— Dataset excerpt —
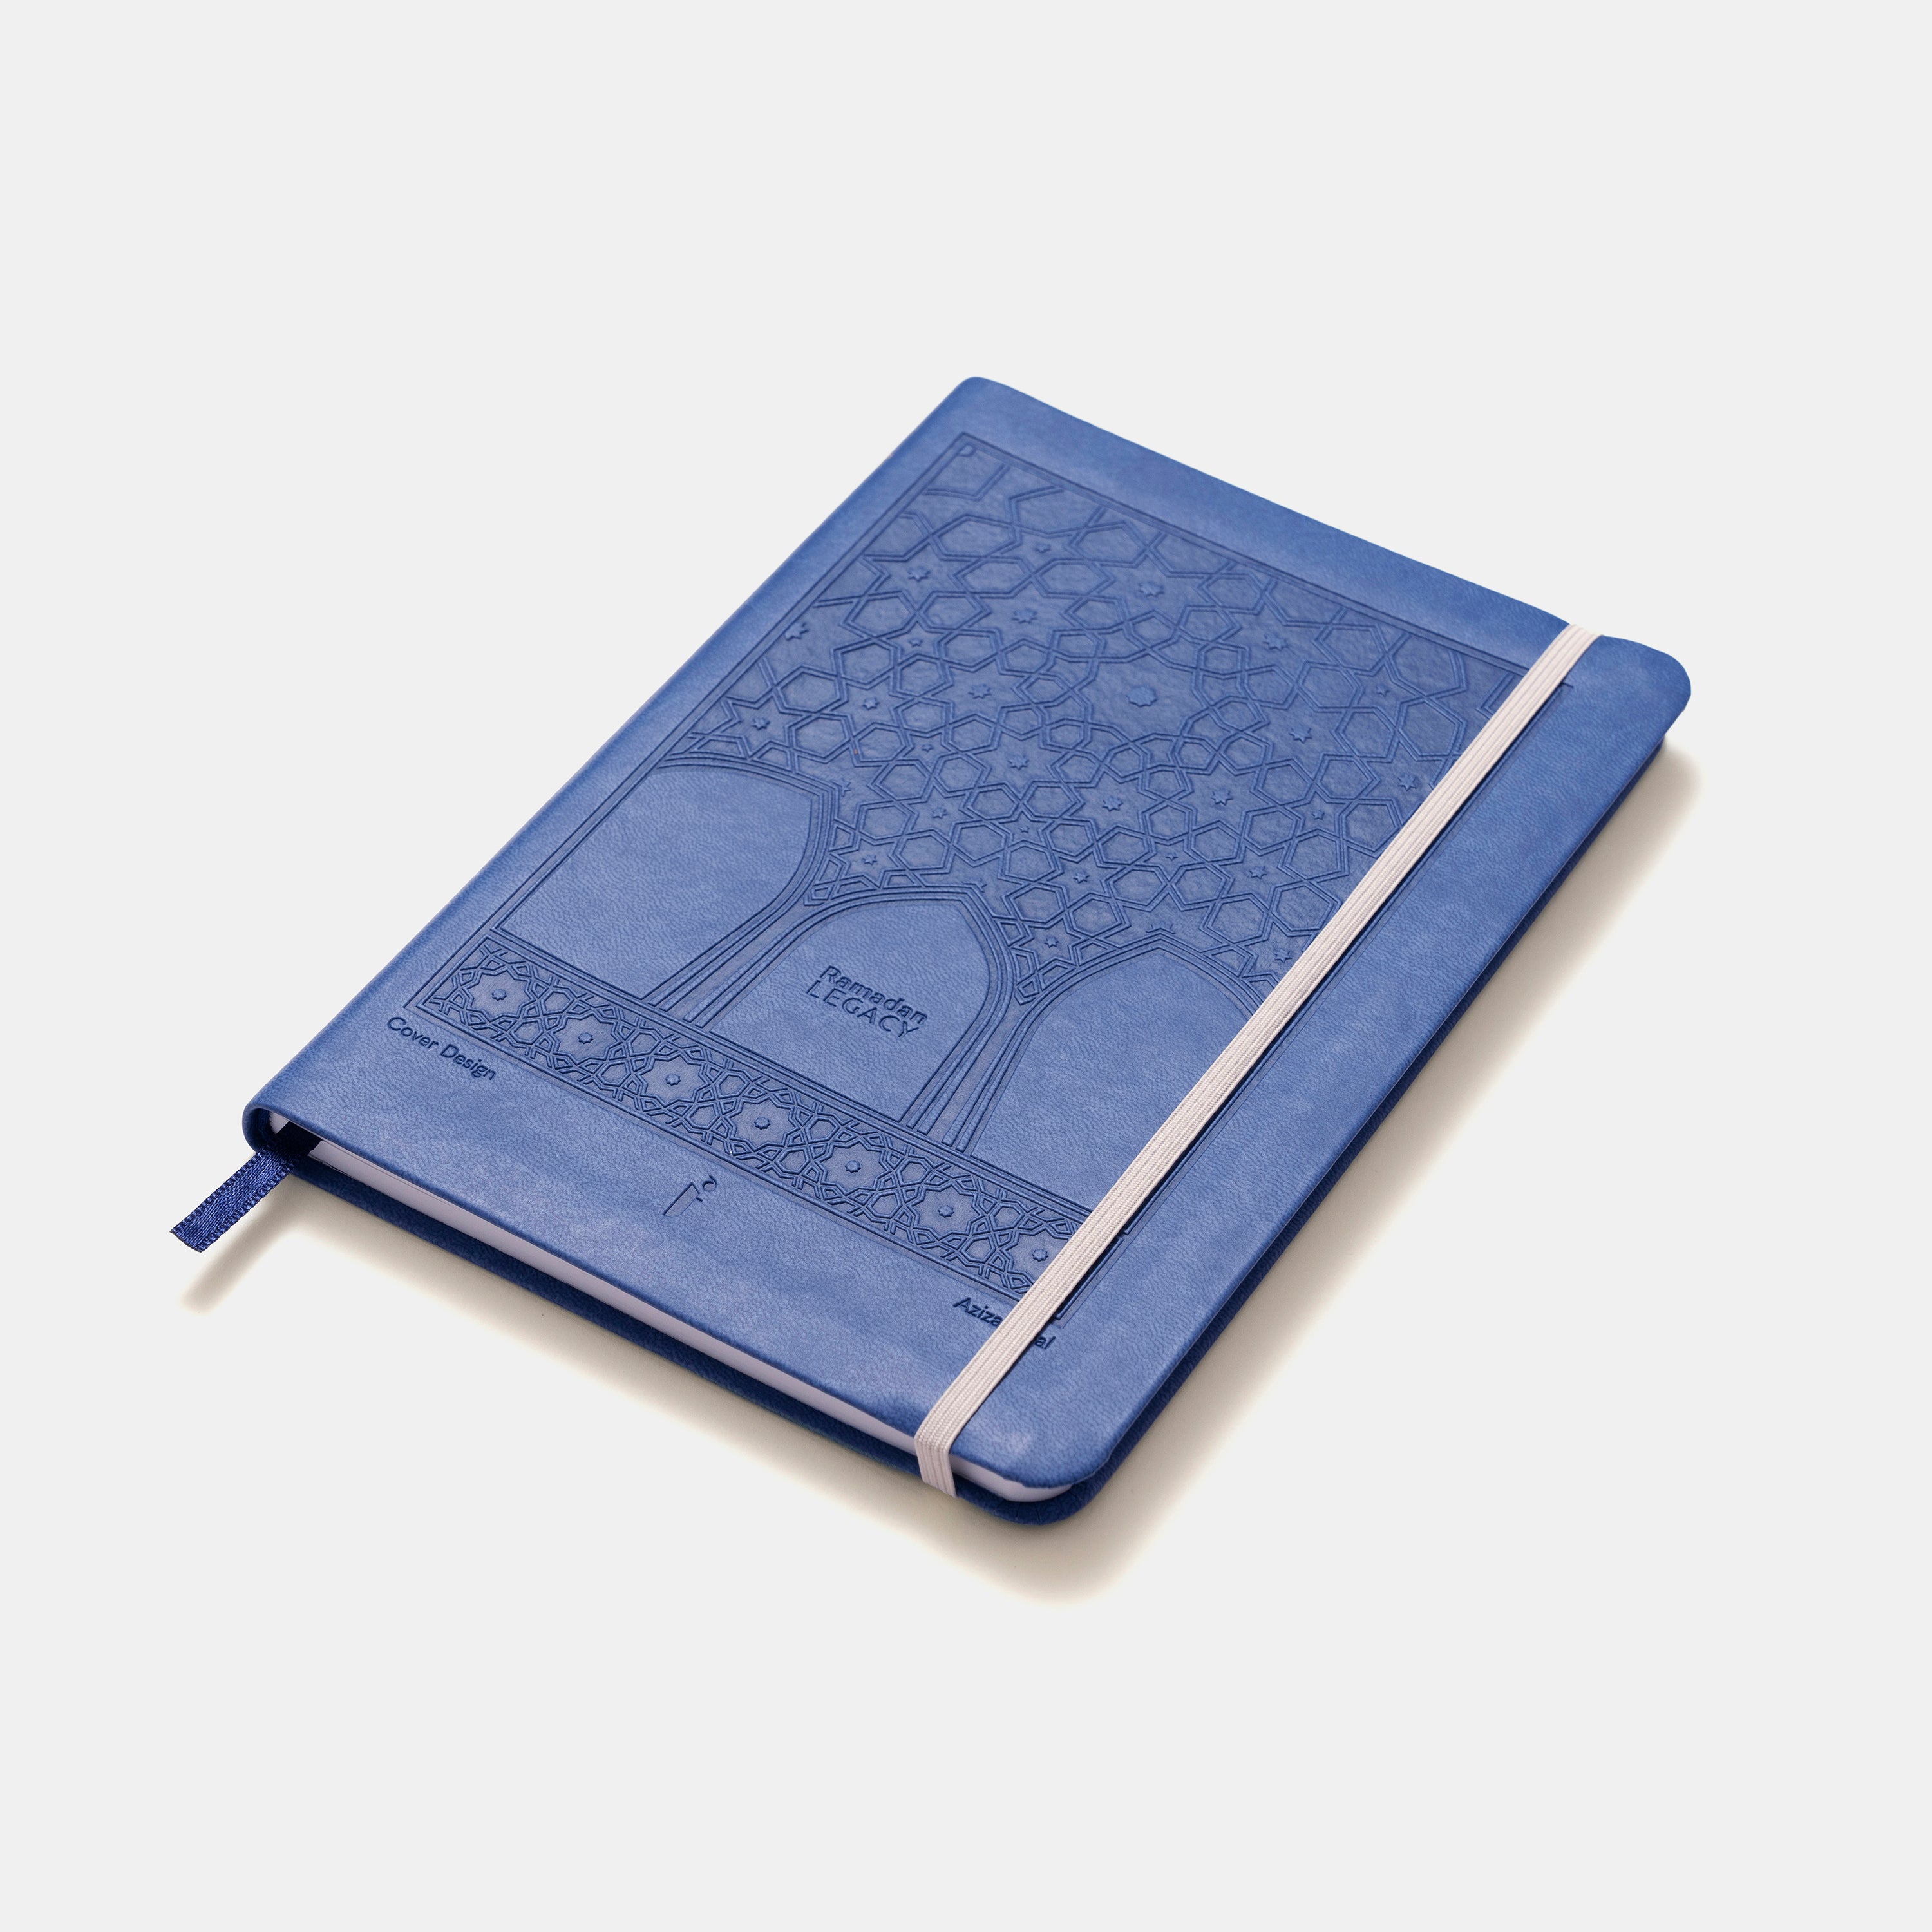 Night Edition Planner By Towards Faith. Step away from the noisy digital world and dive deep into your spirituality this Ramadan without distractions. It’s time to reflect and build a life that truly matters to you. The Ramadan Legacy planner gives you a roadmap to reflect, plan and succeed in your religious goals through the blessed month. Includes a combination worship guide, reflective exercises, Ramadan goal planning and a daily planner.
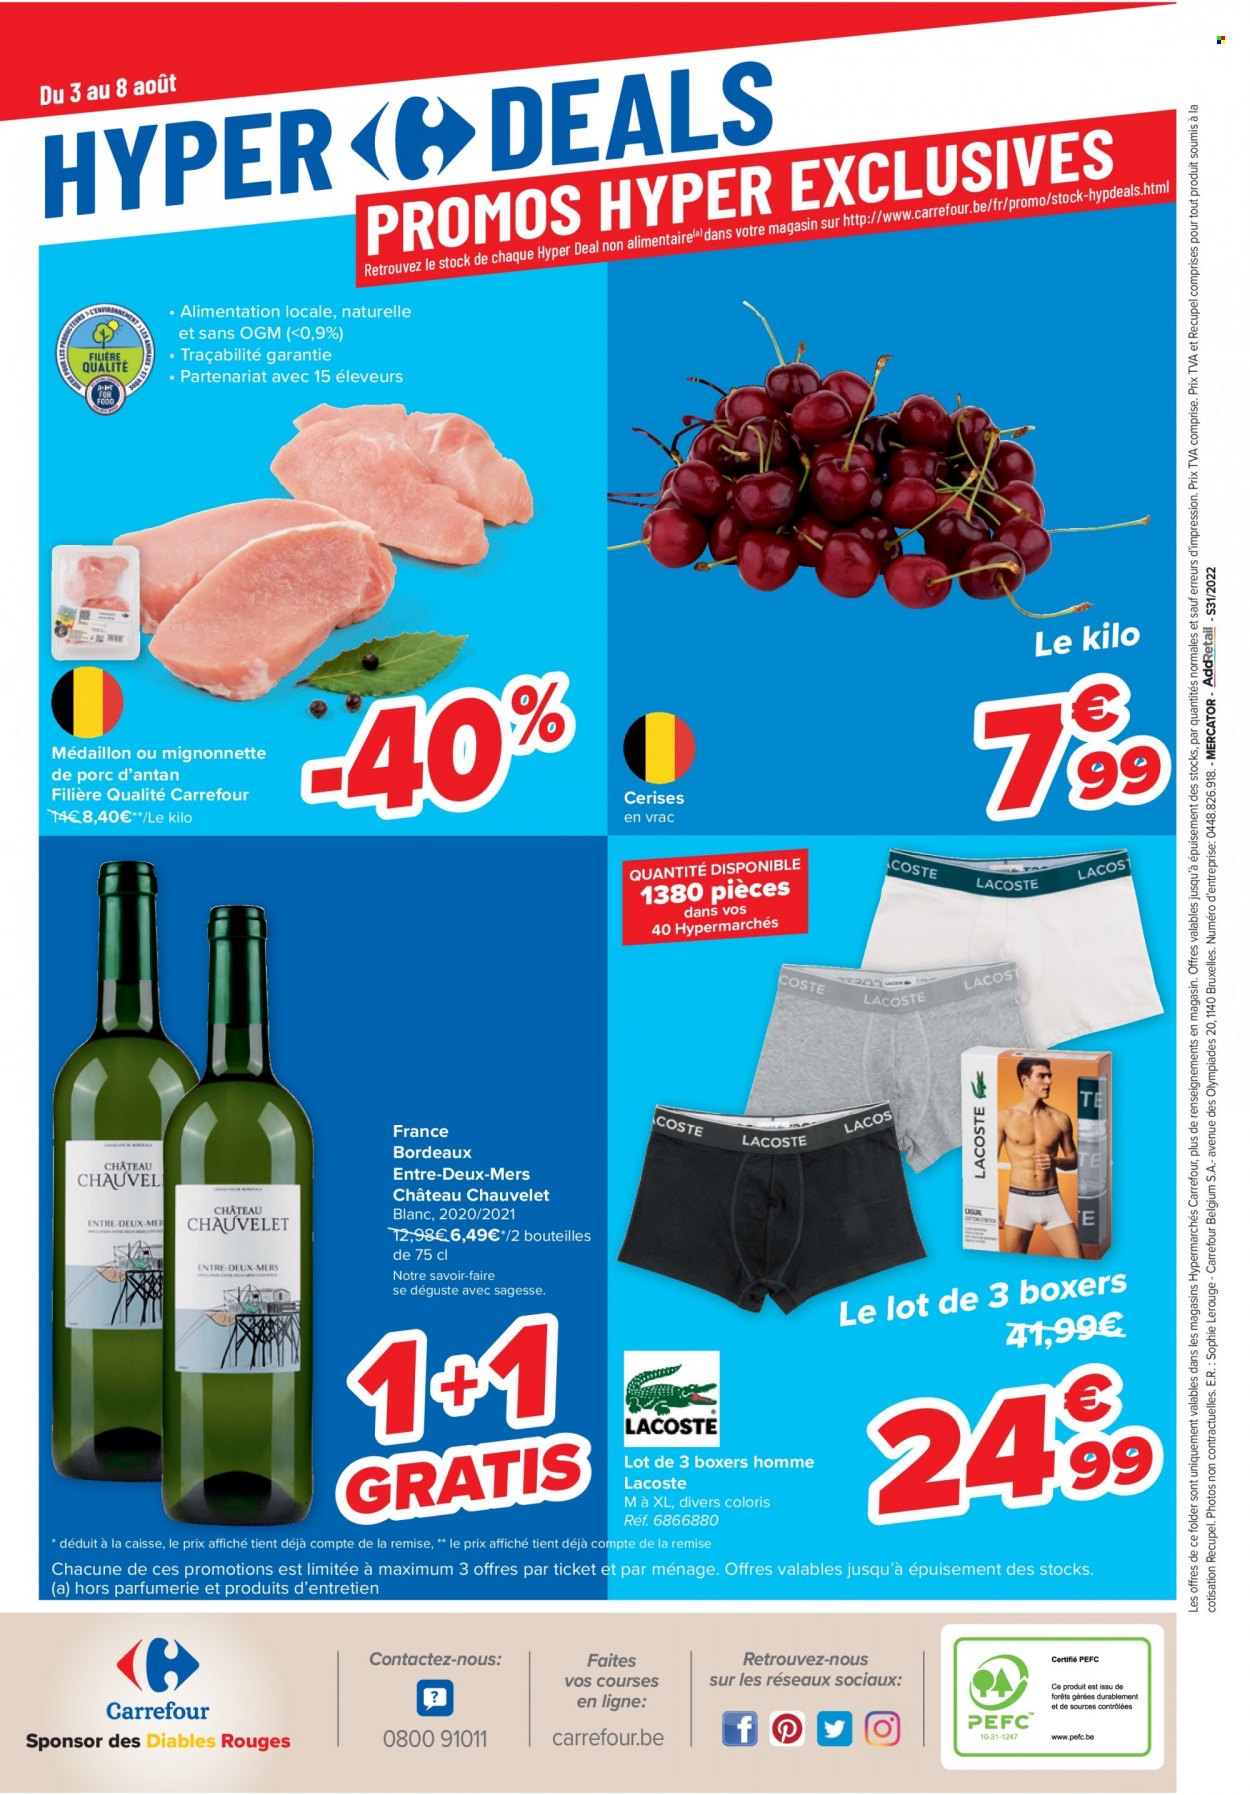 Catalogue Carrefour hypermarkt - 3.8.2022 - 16.8.2022. Page 24.
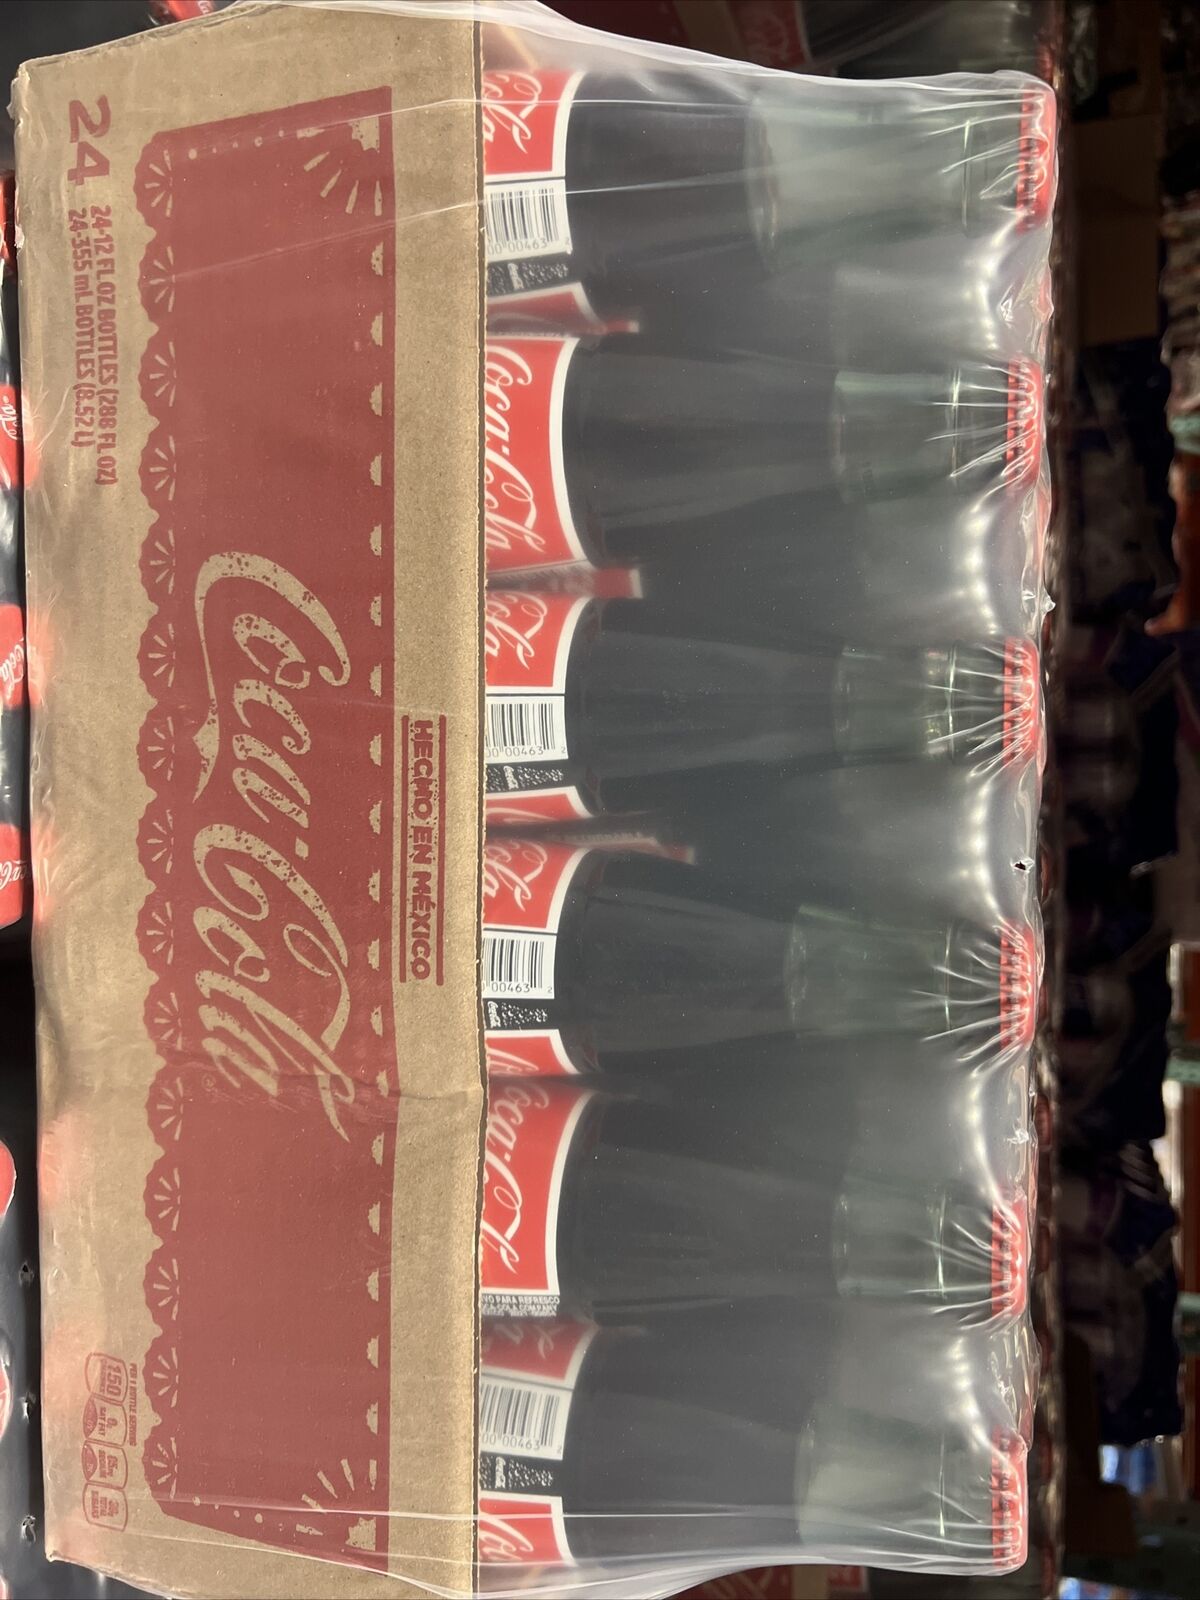 Mexican Coca-Cola Cane Sugar Import Glass Bottles 12oz Coke Hecho Mexico 24pack

— What you have to do —
Print the data exactly as written, dropping any images it holds.

— Solution —
 Night Edition Planner By Towards Faith. Step away from the noisy digital world and dive deep into your spirituality this Ramadan without distractions. It’s time to reflect and build a life that truly matters to you. The Ramadan Legacy planner gives you a roadmap to reflect, plan and succeed in your religious goals through the blessed month. Includes a combination worship guide, reflective exercises, Ramadan goal planning and a daily planner.
 Catalogue Carrefour hypermarkt - 3.8.2022 - 16.8.2022. Page 24.
 Mexican Coca-Cola Cane Sugar Import Glass Bottles 12oz Coke Hecho Mexico 24pack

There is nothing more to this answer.